Educators and district administrators can create their own specialty cohort by contacting the MTC Director. The Face-to-Face Leaning Community program meets one weekend per month during the academic year (not in June or July) for two years providing 10 face-to-face sessions per year. Each monthly group happens over a selected weekend from 8 to 4:30 on Saturday and 8 to 3:30 on Sunday. Your two Co- facilitators come to you at your site. In between your meetings your learning is facilitated through Desire2Learn our online learning management system. Additionally, once each year you will attend the MTC Annual November Conference where you will be exposed to best practices in education featuring speakers from across the nation.
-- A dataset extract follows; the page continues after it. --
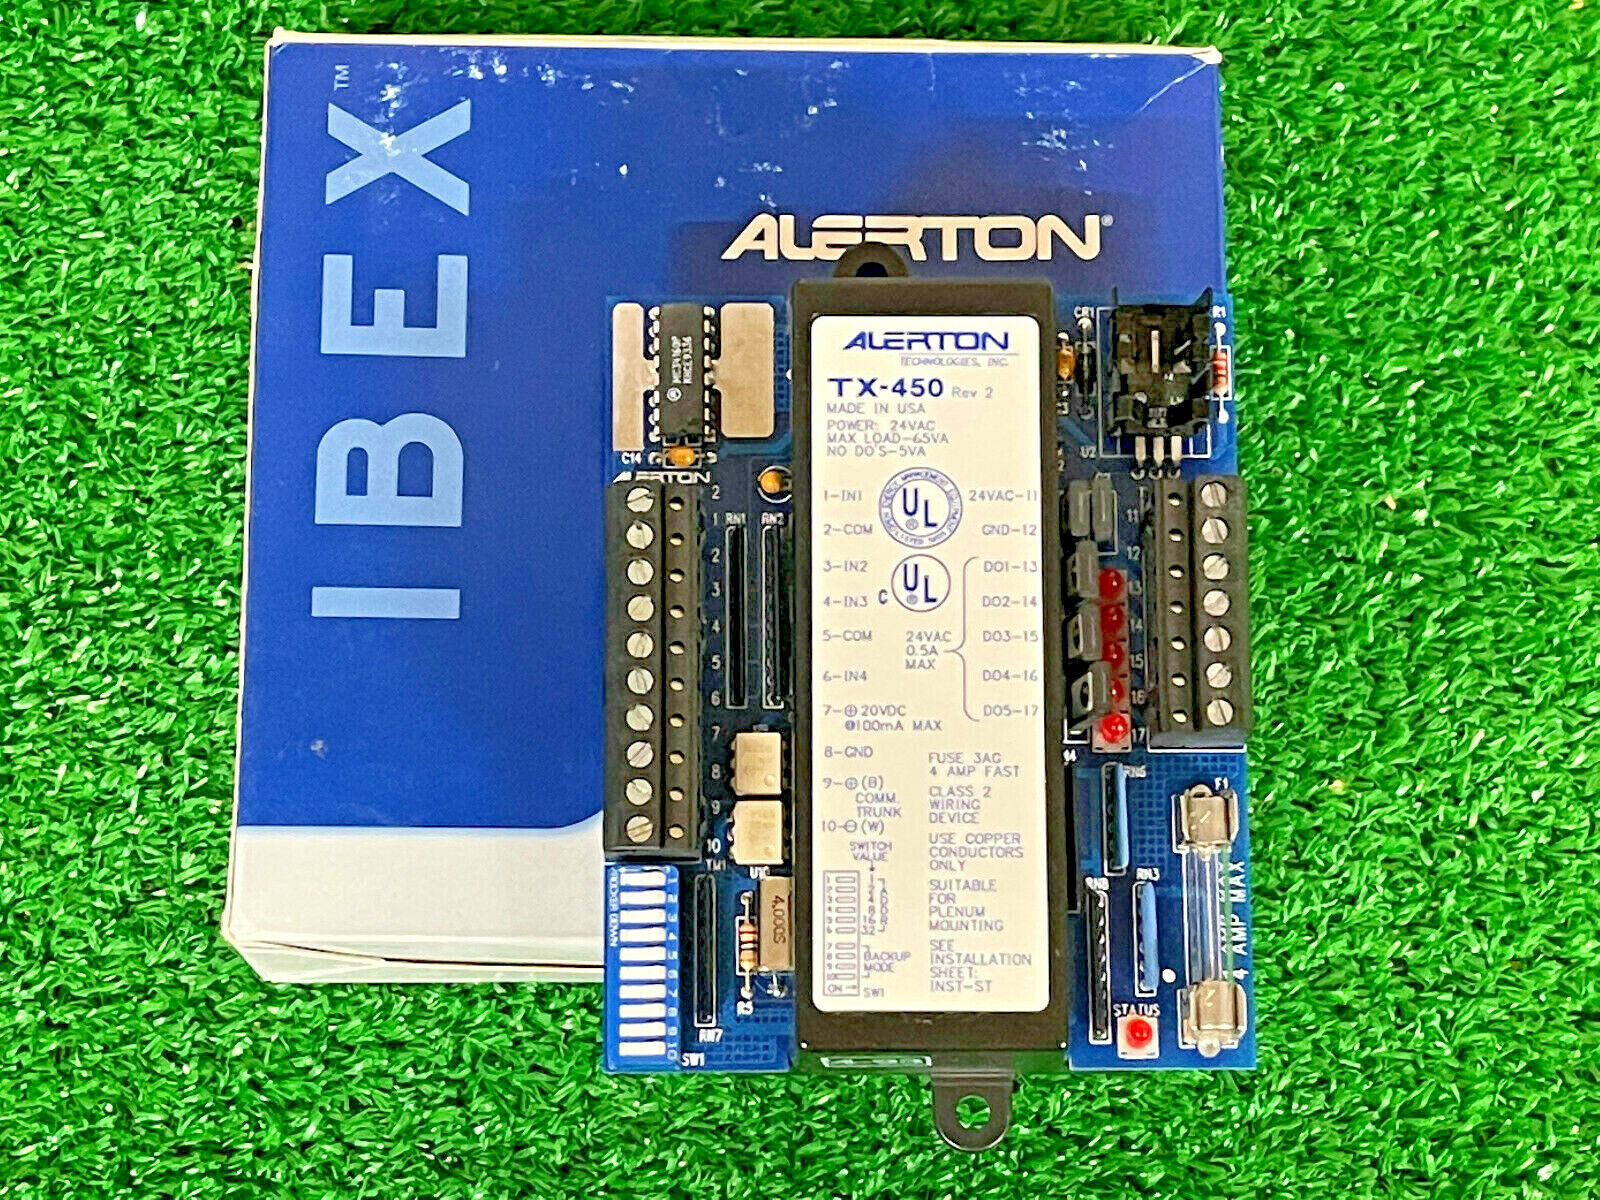 Alerton Ibex TX-450 DDC Programmable Controller, V2.05, TX450, Rev 2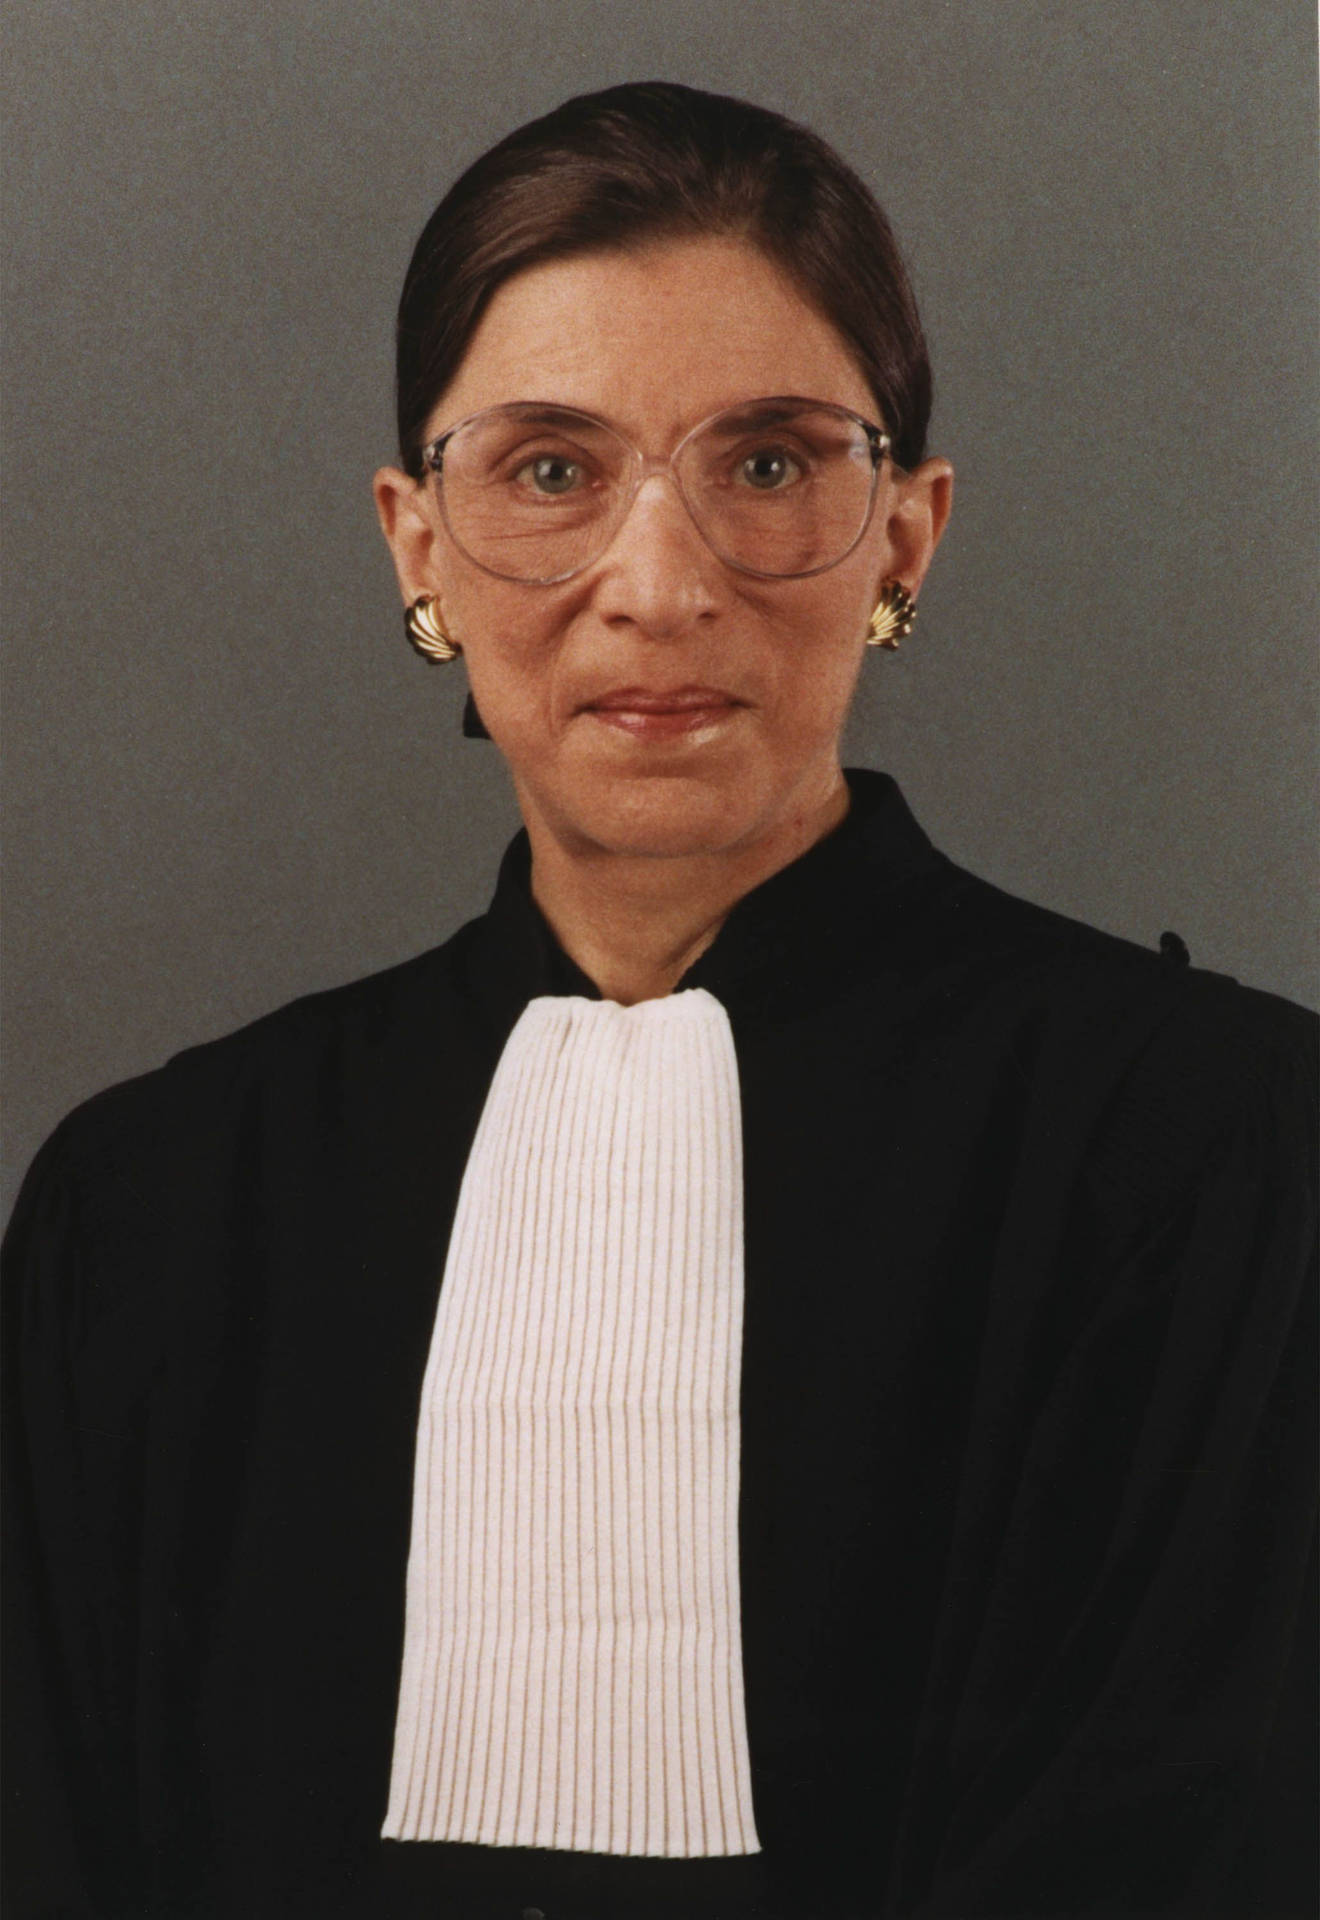 Ruth Bader Ginsburg Formal Photograph Background

Format 2 -Off Campus Blended Program
The Blended learning Community meets twice a semester once at the beginning and once at the end of the semester for two years for a total of 8 face to face meetings with your community. In addition, once each year you will attend the MTC Annual November Conference where you will be exposed to the best practices in education featuring speakers from across the nation. In between your meetings your learning is facilitated through Desire2Learn, our online learning management system.
Format 3 - Online Program
In the Online Learning Community program there are two one week summer institute sessions hosted on the UW-L campus where you will be taking 6 credits each summer. This program is an 18-month program. All other work with your community will be facilitated using Desire2Learn, our online learning management system.